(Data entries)
------
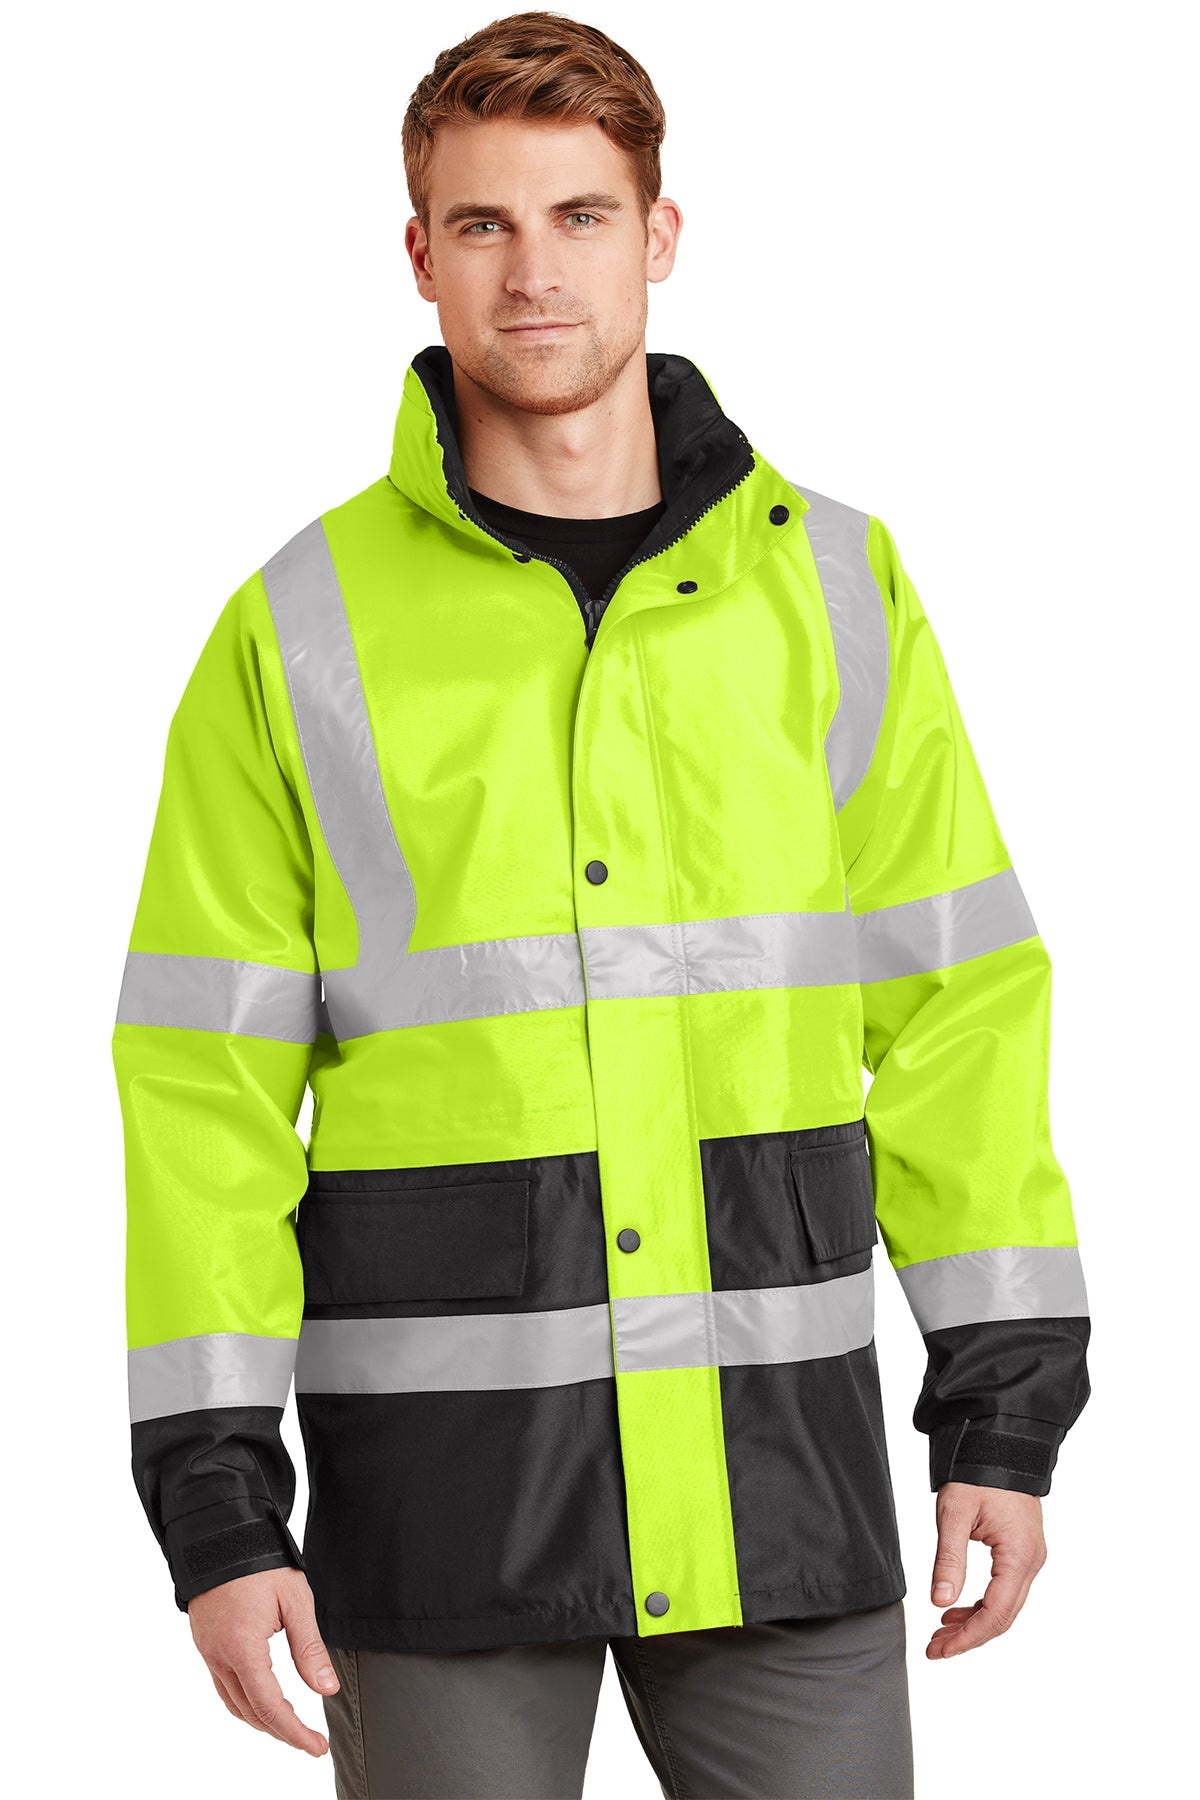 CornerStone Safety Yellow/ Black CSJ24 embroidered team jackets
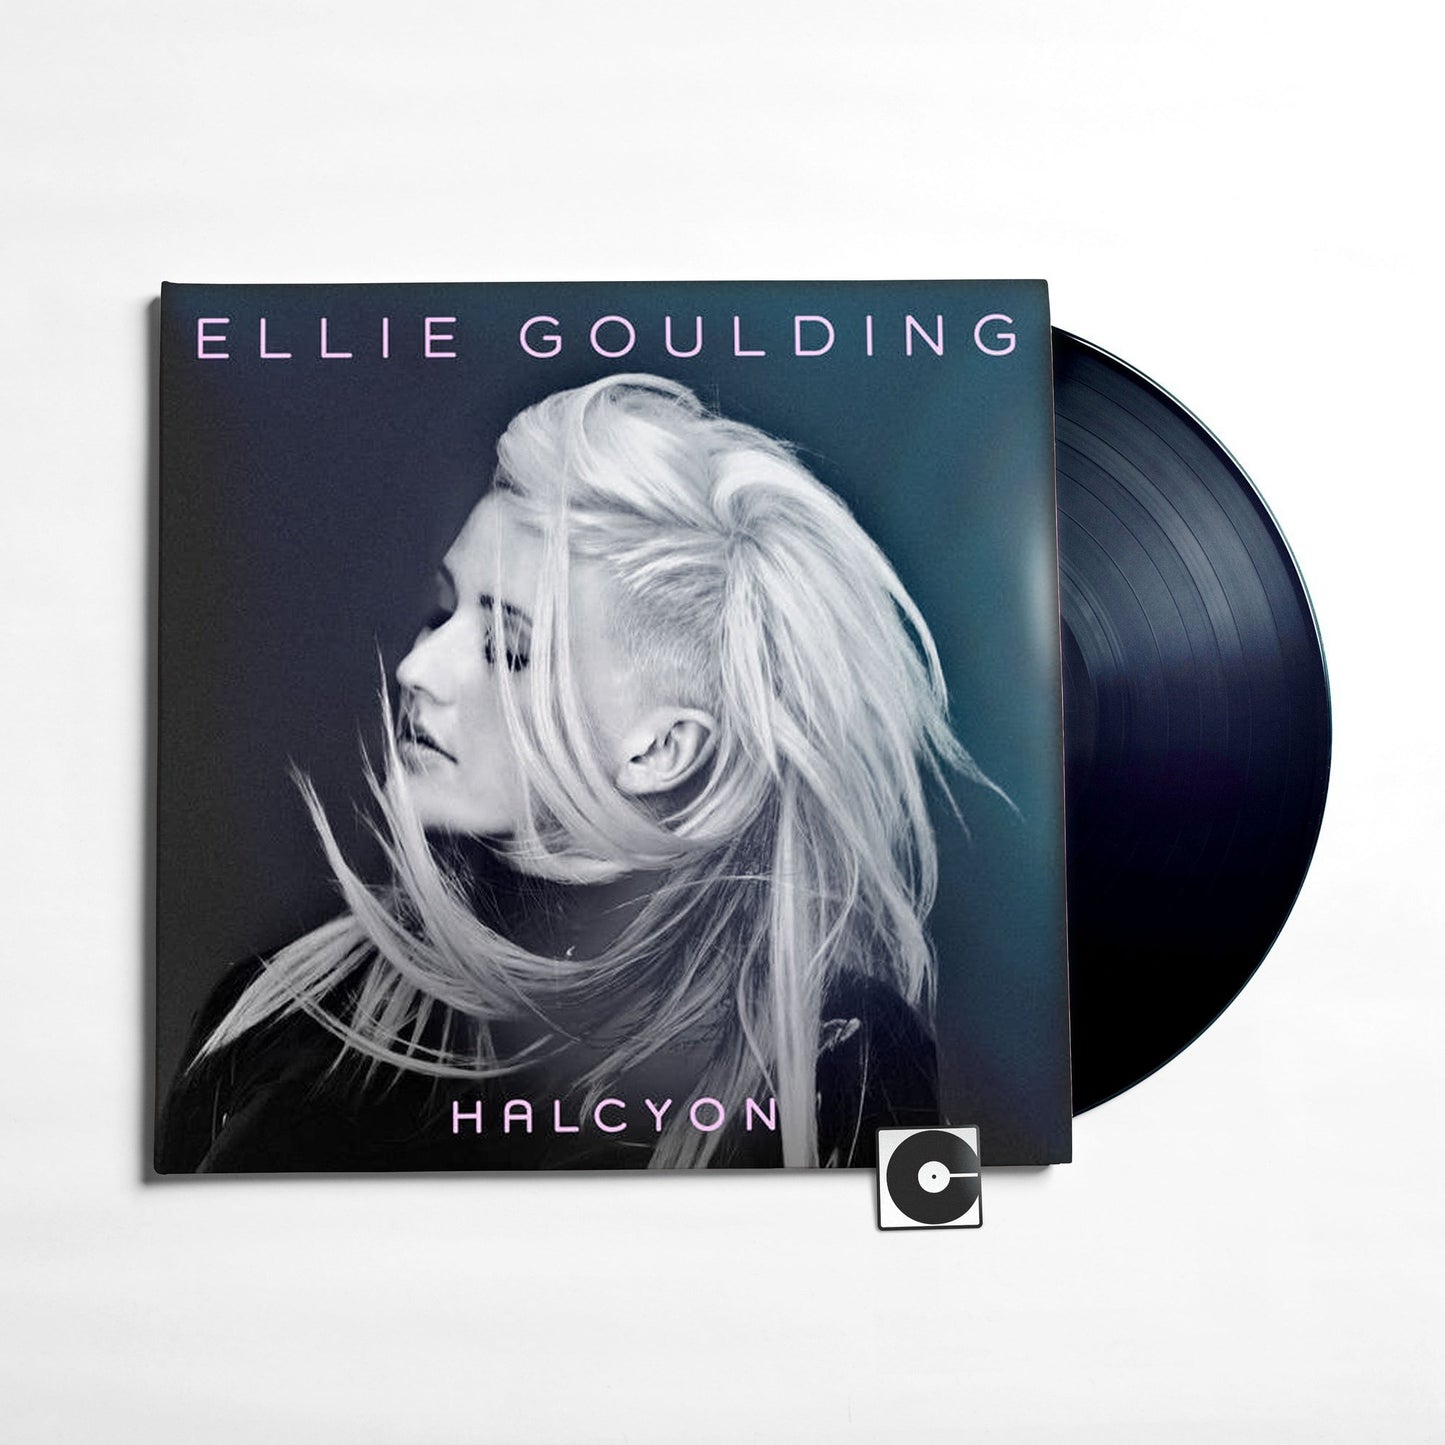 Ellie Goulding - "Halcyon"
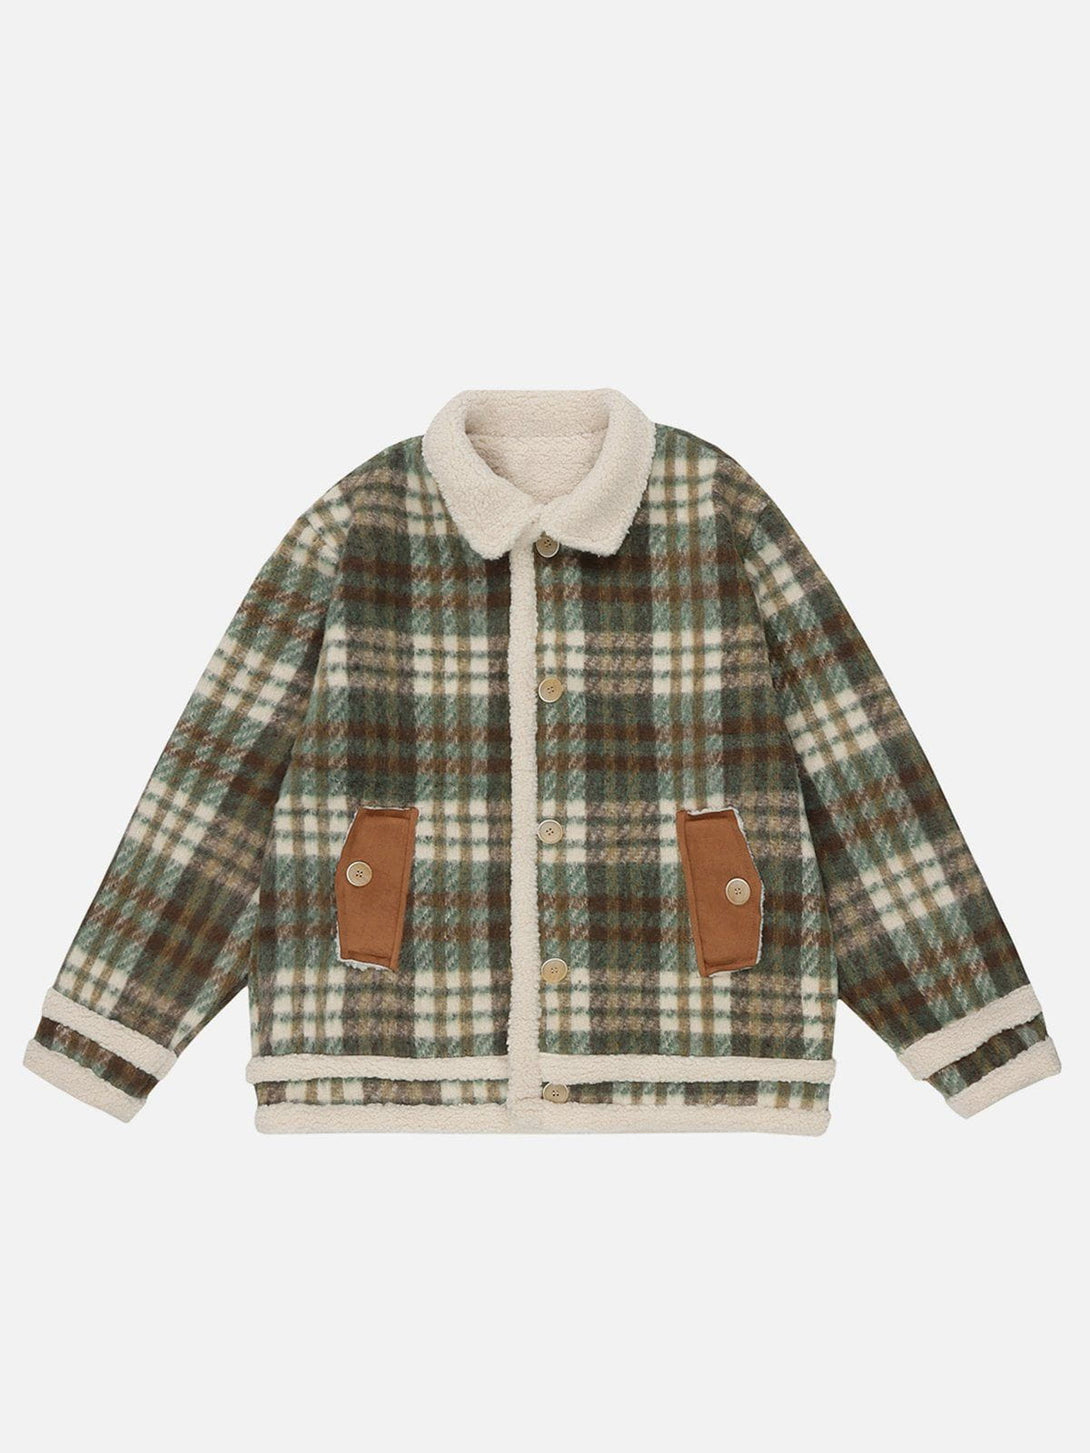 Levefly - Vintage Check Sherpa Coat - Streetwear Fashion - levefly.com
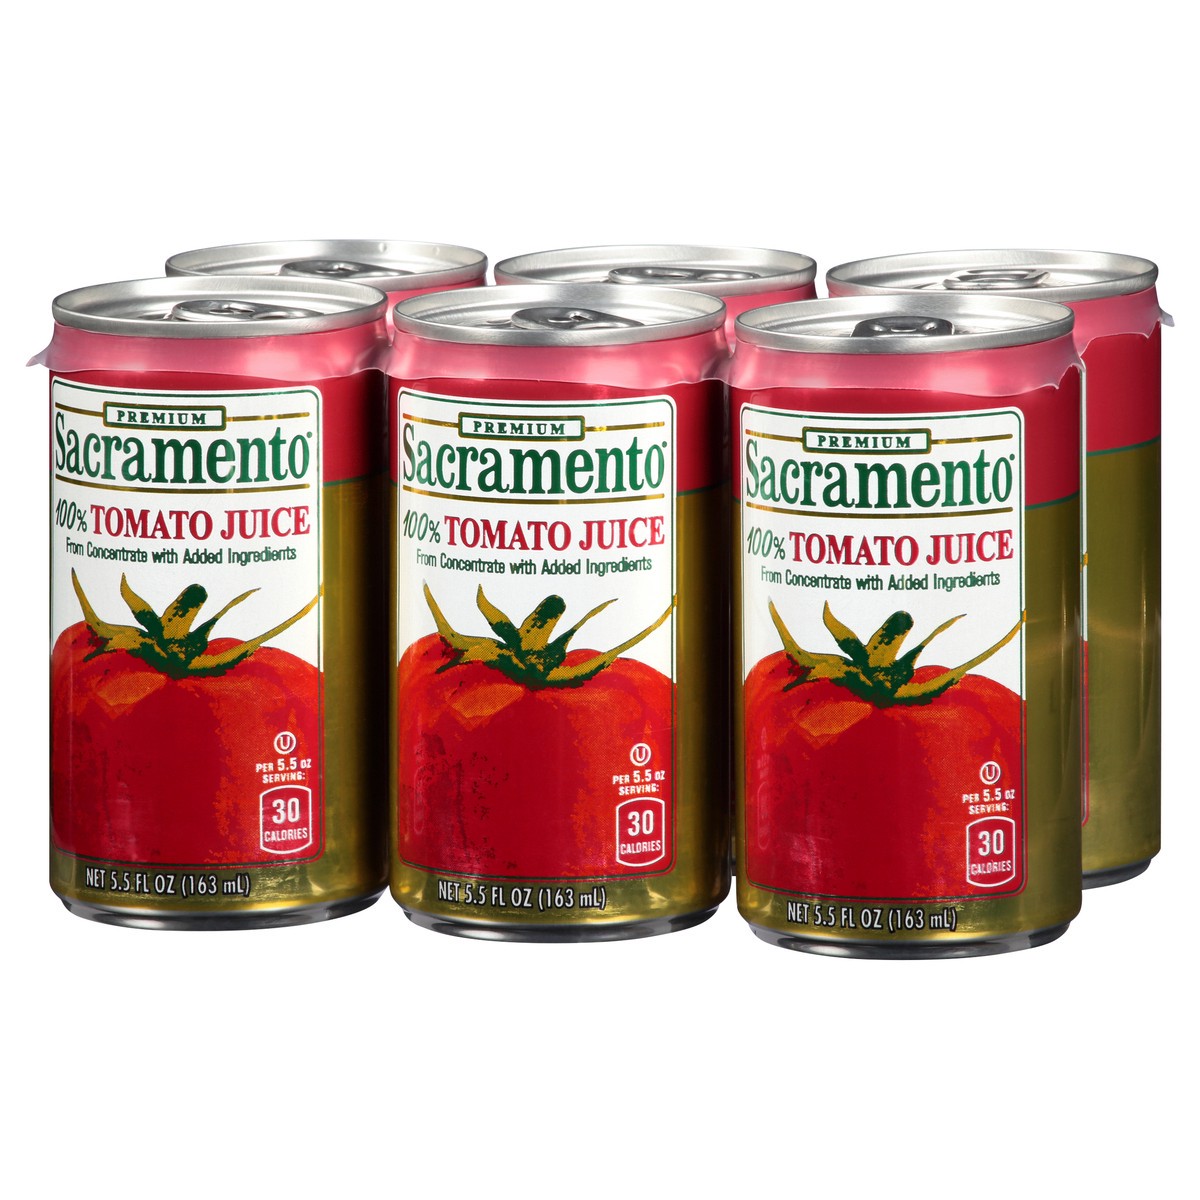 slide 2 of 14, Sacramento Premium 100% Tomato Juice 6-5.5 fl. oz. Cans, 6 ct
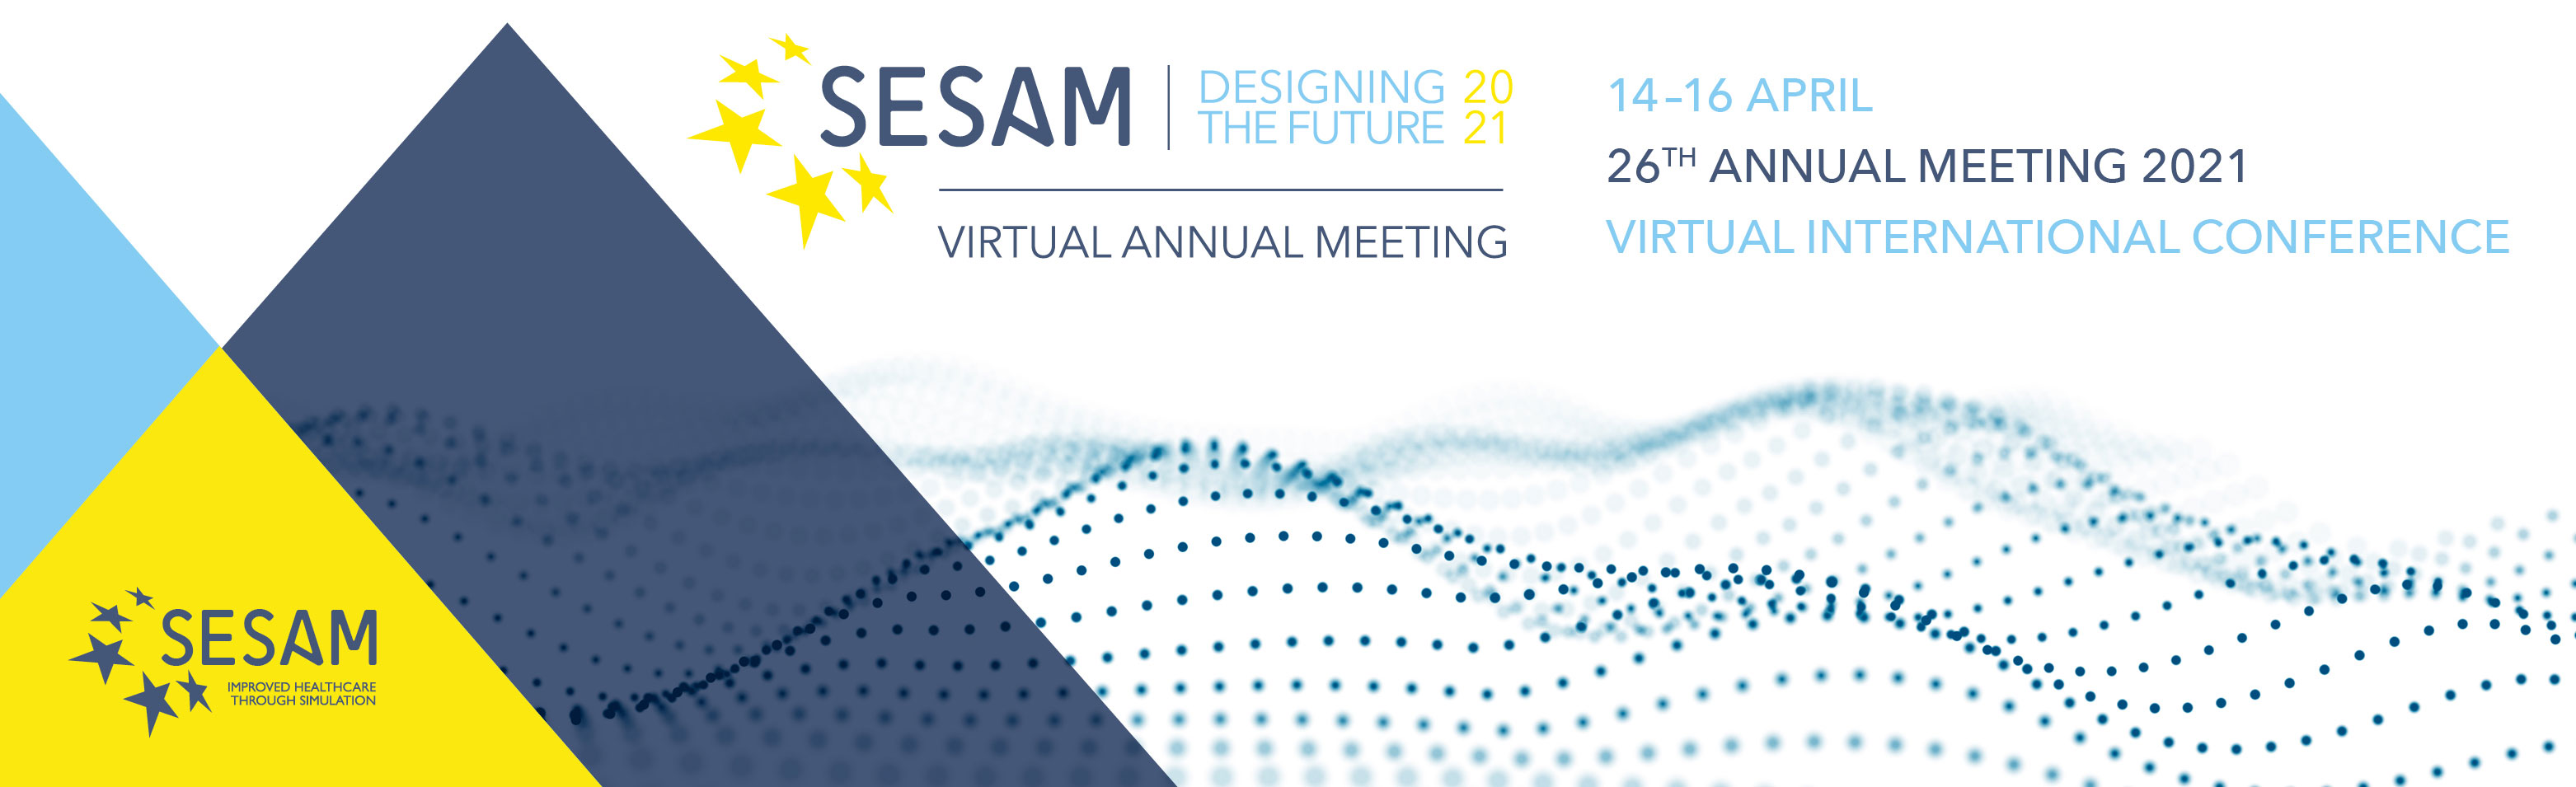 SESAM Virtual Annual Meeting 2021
------
Word for word, copy the lines from the one with "Levefly - Vintage" through the end of the entries above, and do not include any picture.

▶ Worked solution
 Levefly - Vintage Check Sherpa Coat - Streetwear Fashion - levefly.com
 slide 2 of 14, Sacramento Premium 100% Tomato Juice 6-5.5 fl. oz. Cans, 6 ct
 SESAM Virtual Annual Meeting 2021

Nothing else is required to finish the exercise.